Борис внес первую связку холстов, ослабил узел на веревке, и одна картина стала медленно выпадать углом. Я ее подхватила и поставила на мольберт.
Это был портрет нашей дочери, сидящей на широком подоконнике в чудесном доме в Галилее, где когда-то мы любили отдыхать.

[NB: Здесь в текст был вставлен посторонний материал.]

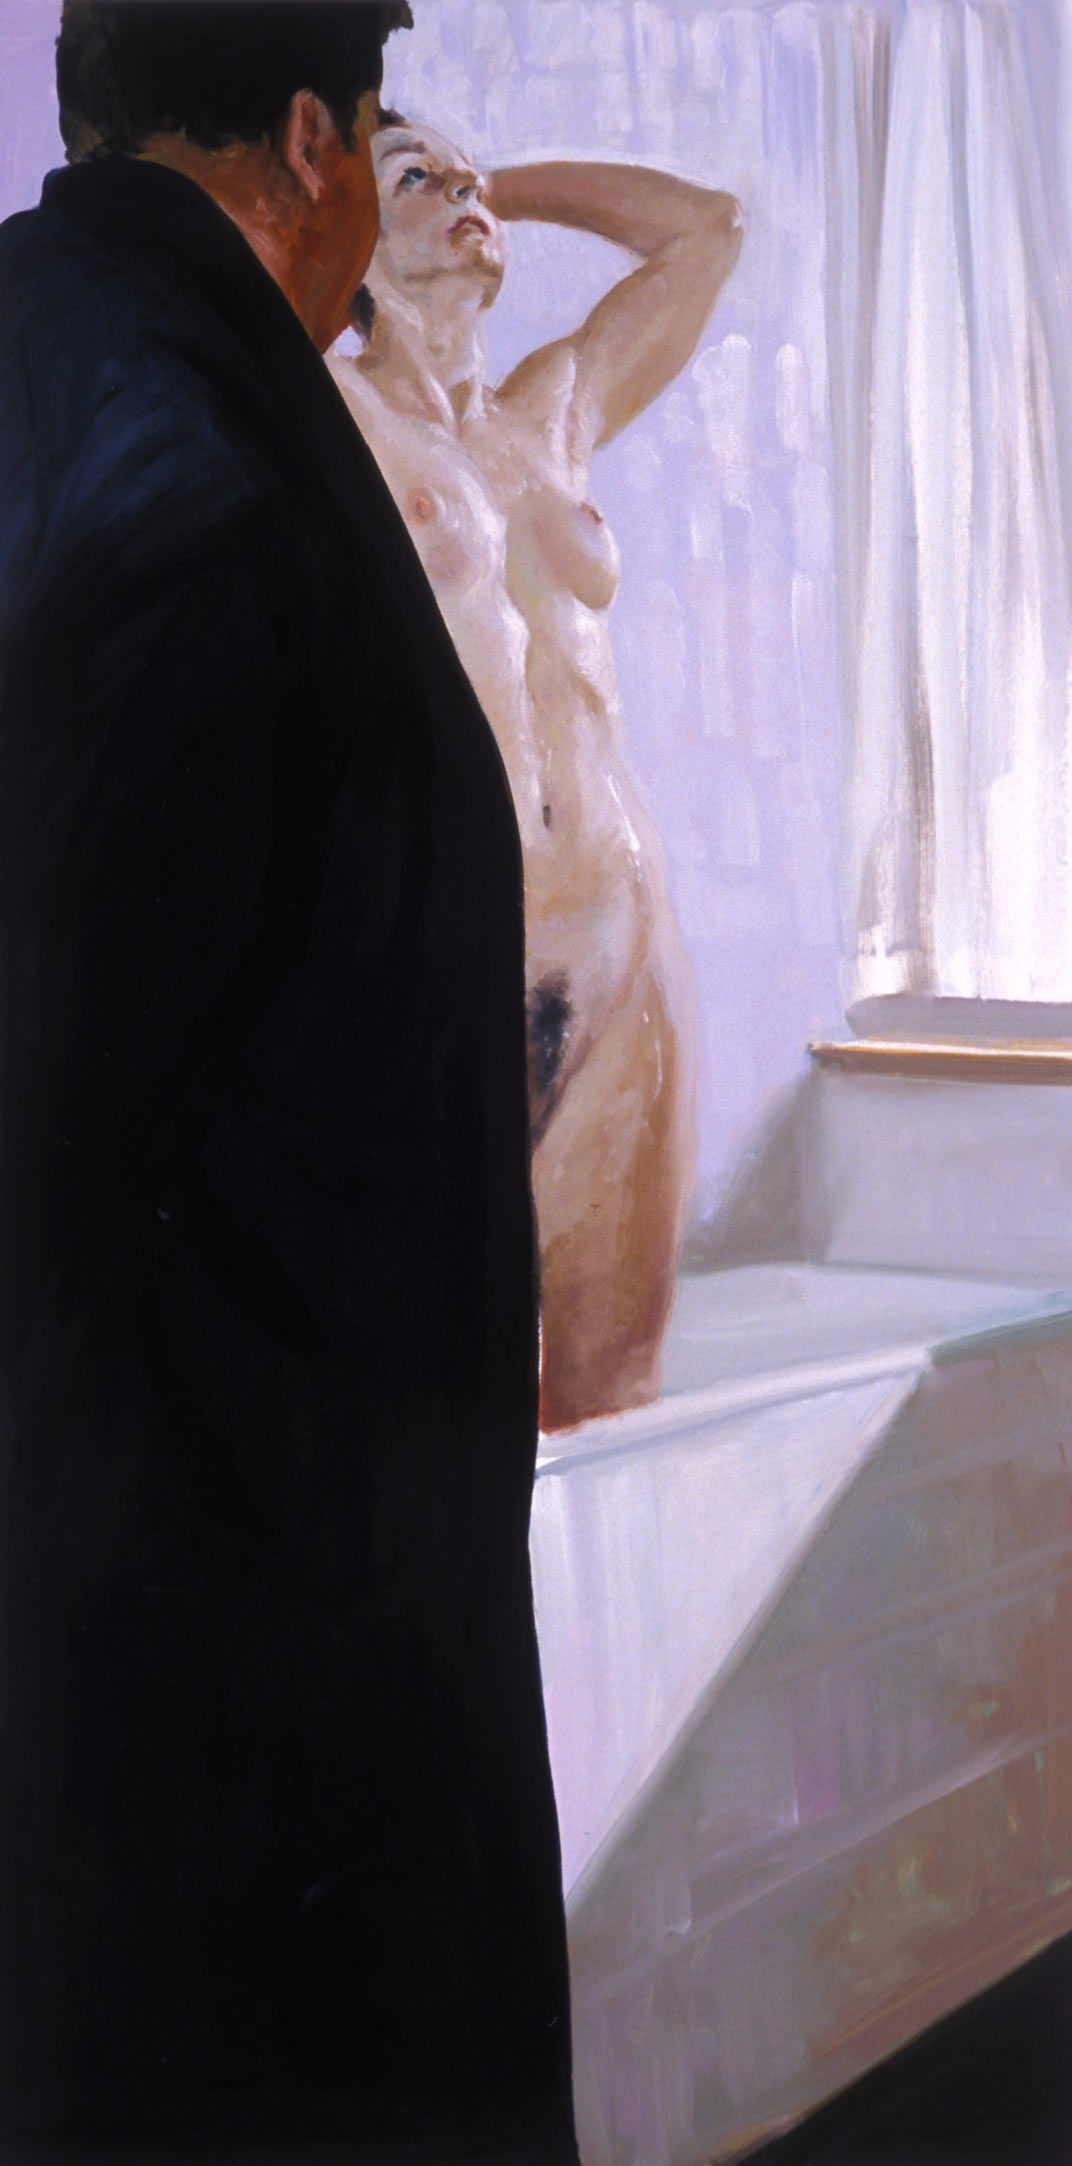 Bathroom, Scene  #5, 2005.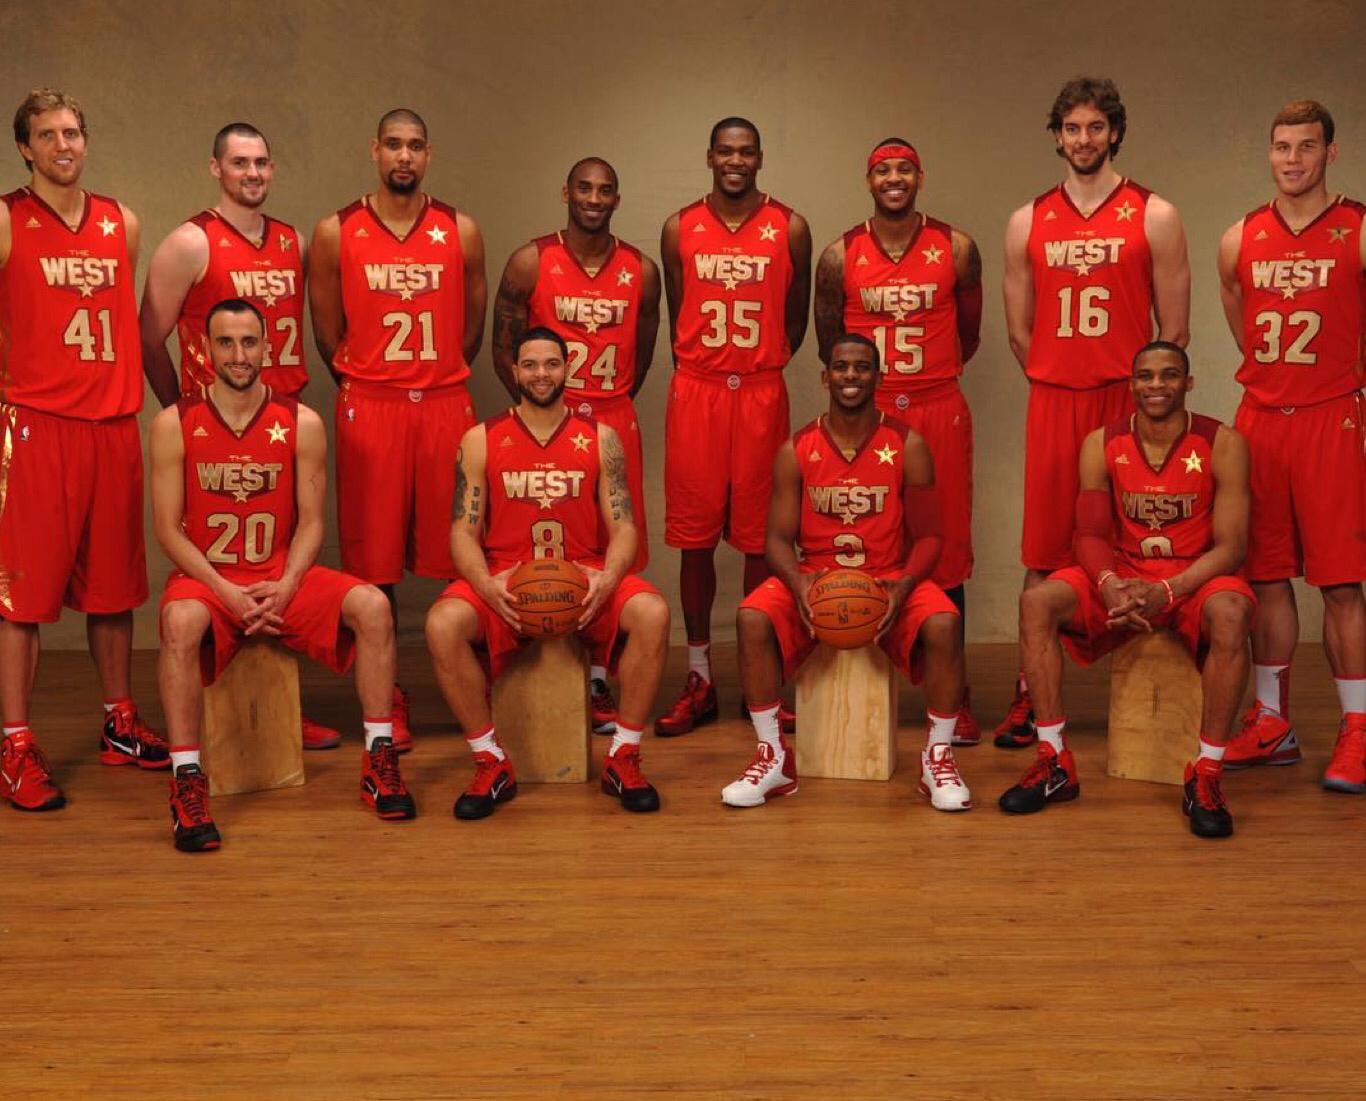 qq明星足球经理_SLAM晒2011年西部全明星合照:选出5位首发_虎扑NBA新闻

И тут, в пустой комнате, в молочно-белом облаке верхнего света, он вновь со мной «заговорил» с мольберта. Я сказала:
– Ева на окне, под окном, среди окон.
Мой муж, распутывая узлы, оглянулся на портрет и сказал:
– Да у меня чуть не в каждой картине – окно…
И мы продолжали вносить в дом и втаскивать на второй этаж связки картин, привезенных из старой мастерской, – утомительное, но и радостное занятие, как всегда, когда затеваешь и воплощаешь что-то новое: новую комнату, новую картину или новую книгу.
И пока Борис развязывал и расставлял вдоль стен и на стеллажах работы, я смотрела на них новыми удивленными глазами: а ведь и правда – сколько их у него, этих картин, где в разных окнах сидят, стоят, выглядывают или проходят мимо разные люди. Да и сами картины были окнами, откуда глядели в мир множество персонажей, в том числе и сам художник, и мы, его домашние.
Длинная анфилада оконных отражений…
Я сказала, ни с того ни с сего:
– А у нас во дворе, в Ташкенте, первый телевизор появился у дяди Саркиса. Вечерами соседи набивались к нему на торжественные сеансы, усаживались кто куда, и все глядели в крошечный экран. Линза была толстой, изображение кошмарным… Но лица зрителей сияли уважительным восхищением: ведь это чудо – в ящике, прямо в комнате, непонятно откуда возникает «настоящее кино»… Дядя Саркис отхлебывал из пиалы чай и произносил: «А-акно в мир!» – с таким достоинством, будто лично изобрел телевидение. А нам, детям, позволялось смотреть с улицы. Мы взбирались на подоконник открытого окна, сидели друг у друга на коленях, на закорках… и с этого окна смотрели внутрь комнаты, в другое окно – подслеповатое окошко экрана. В этом что-то есть, а?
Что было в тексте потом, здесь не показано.